Figure 5 illustrated the photoresponse spectra of ZnO photodiodes fabricated on Si substrates with NPS or ONPS buffer layers. It was found that ZnO-on-NPS devices had high responsivity to the 300~400 nm UV light, but they also strongly respond to the 600~1000 nm irradiation which corresponded to the visible-to-IR light. It is disadvantageous to exhibit visible and IR response for a UV photodetector for some special purposes. To clarify the origin of the non-UV photoresponse, the photoresponse spectra of a bare NPS layer prepared on a Si substrate were also measured and also shown in Figure 5. It was observed that the photoresponse of NPS-on-Si mostly appeared within visible-to-IR regions. In addition, the optical bandgap of the prepared NPS and ZnO films that was measured from Tauc’s plots was 1.6 eV and 3.2 eV, respectively. Thus, it can be inferred that the visible-to-IR response of a ZnO-on-NPS device mainly came from the light absorption of NPS layers. In order to restrict the non-UV absorption, NPS layers were converted into ONPS with a RTO process before the ZnO deposition. It was found the ZnO-on-ONPS device achieved high 300~400 nm UV photoresponsivity as shown in Figure 5. Most importantly, the visible-to-IR photoresponse above 500 nm almost disappeared in these devices. Because the optical bandgap of ONPS measured from Tauc’s plots was about 3.5 eV that corresponded to an absorption wavelength of 350 nm, an ONPS layer was only sensitive to UV light. That is, the ONPS buffer layer not only contributed UV response to devices but also largely suppressed the visible-to-IR response originating from the light absorption of Si substrates. Therefore, UV-to-visible/IR rejection ratio of the developed ZnO photodiode fabricated on a Si substrate can be greatly enhanced by introduction of an ONPS buffer layer.

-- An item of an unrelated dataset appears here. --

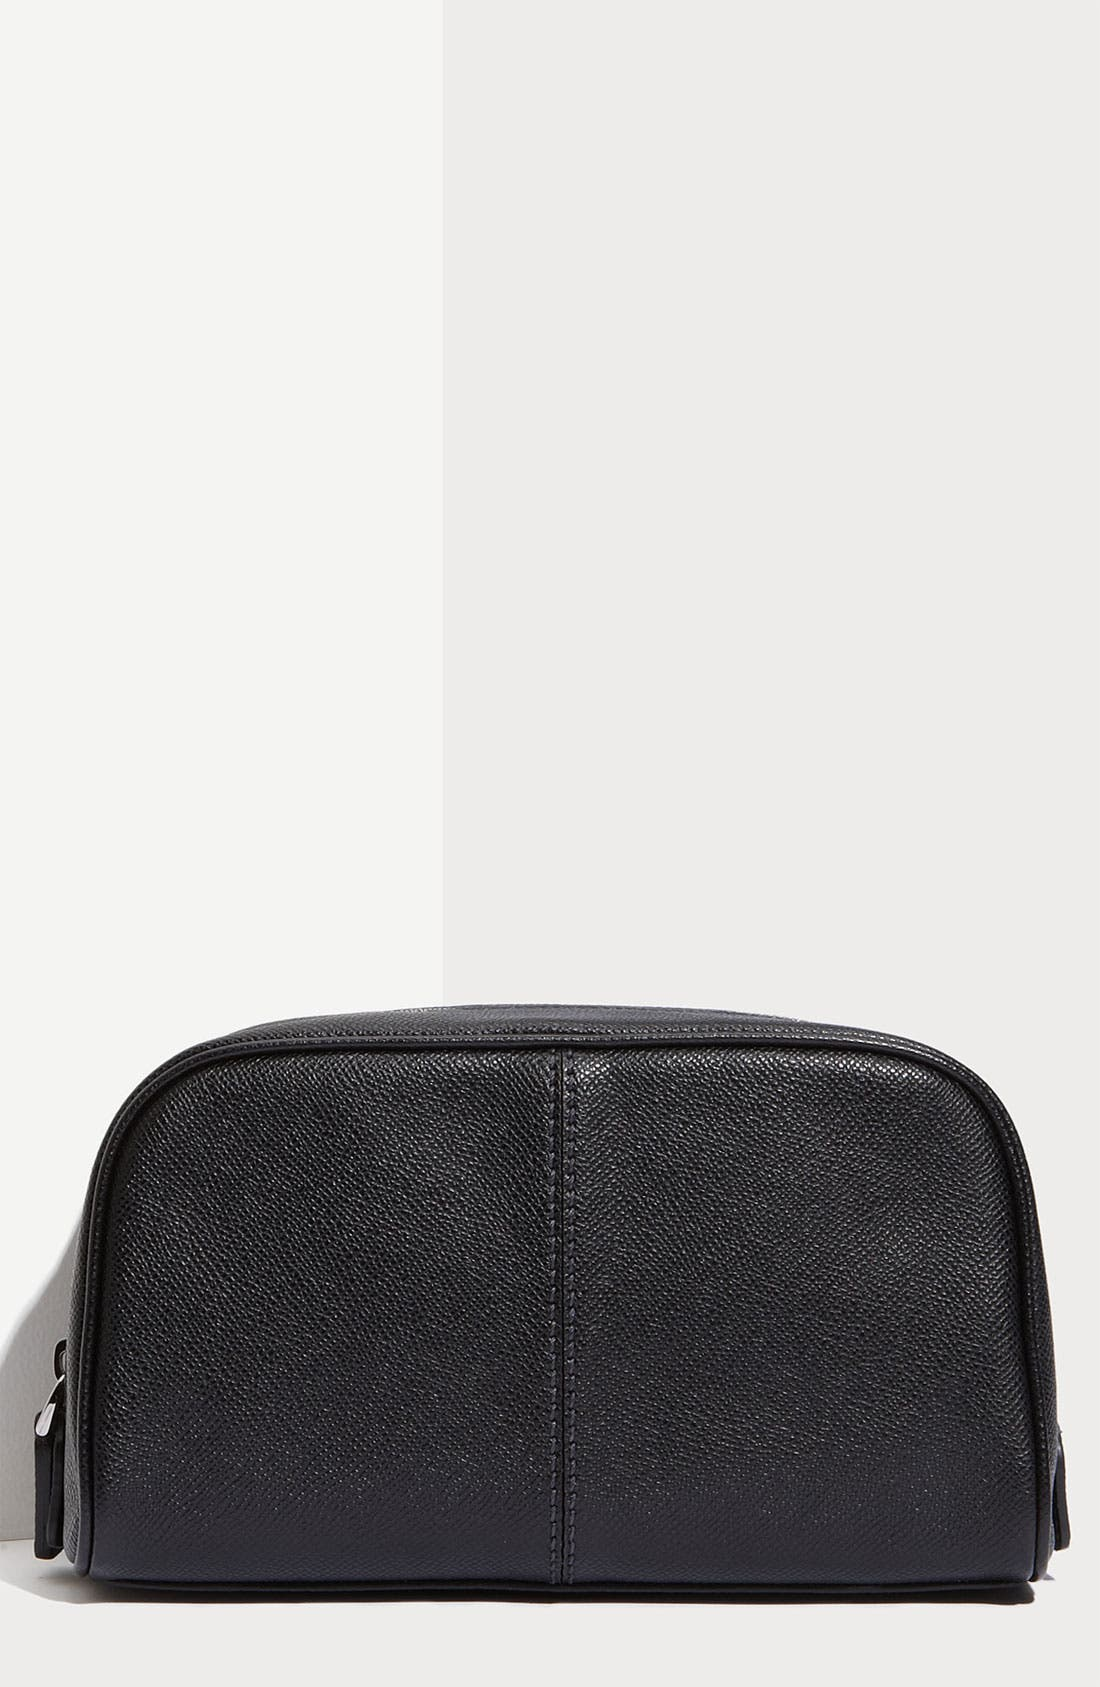 Alternate Image 1 Selected - Tod's Wash Bag

Current-voltage characteristics of the ZnO-on-ONPS photodiode with and without UV illumination were shown in Figure 6. The photocurrent was measured under irradiating light with wavelength of 375 nm and power of 0.08 mW/cm2. At a 5-V bias, the measured photocurrent was 4.74 mA/cm2 and the dark current was 4.56 10−2 mA/cm2. The photo-to-dark current ratio (PDCR) was calculated up to about 104, indicating that the developed device was highly sensitive to UV light.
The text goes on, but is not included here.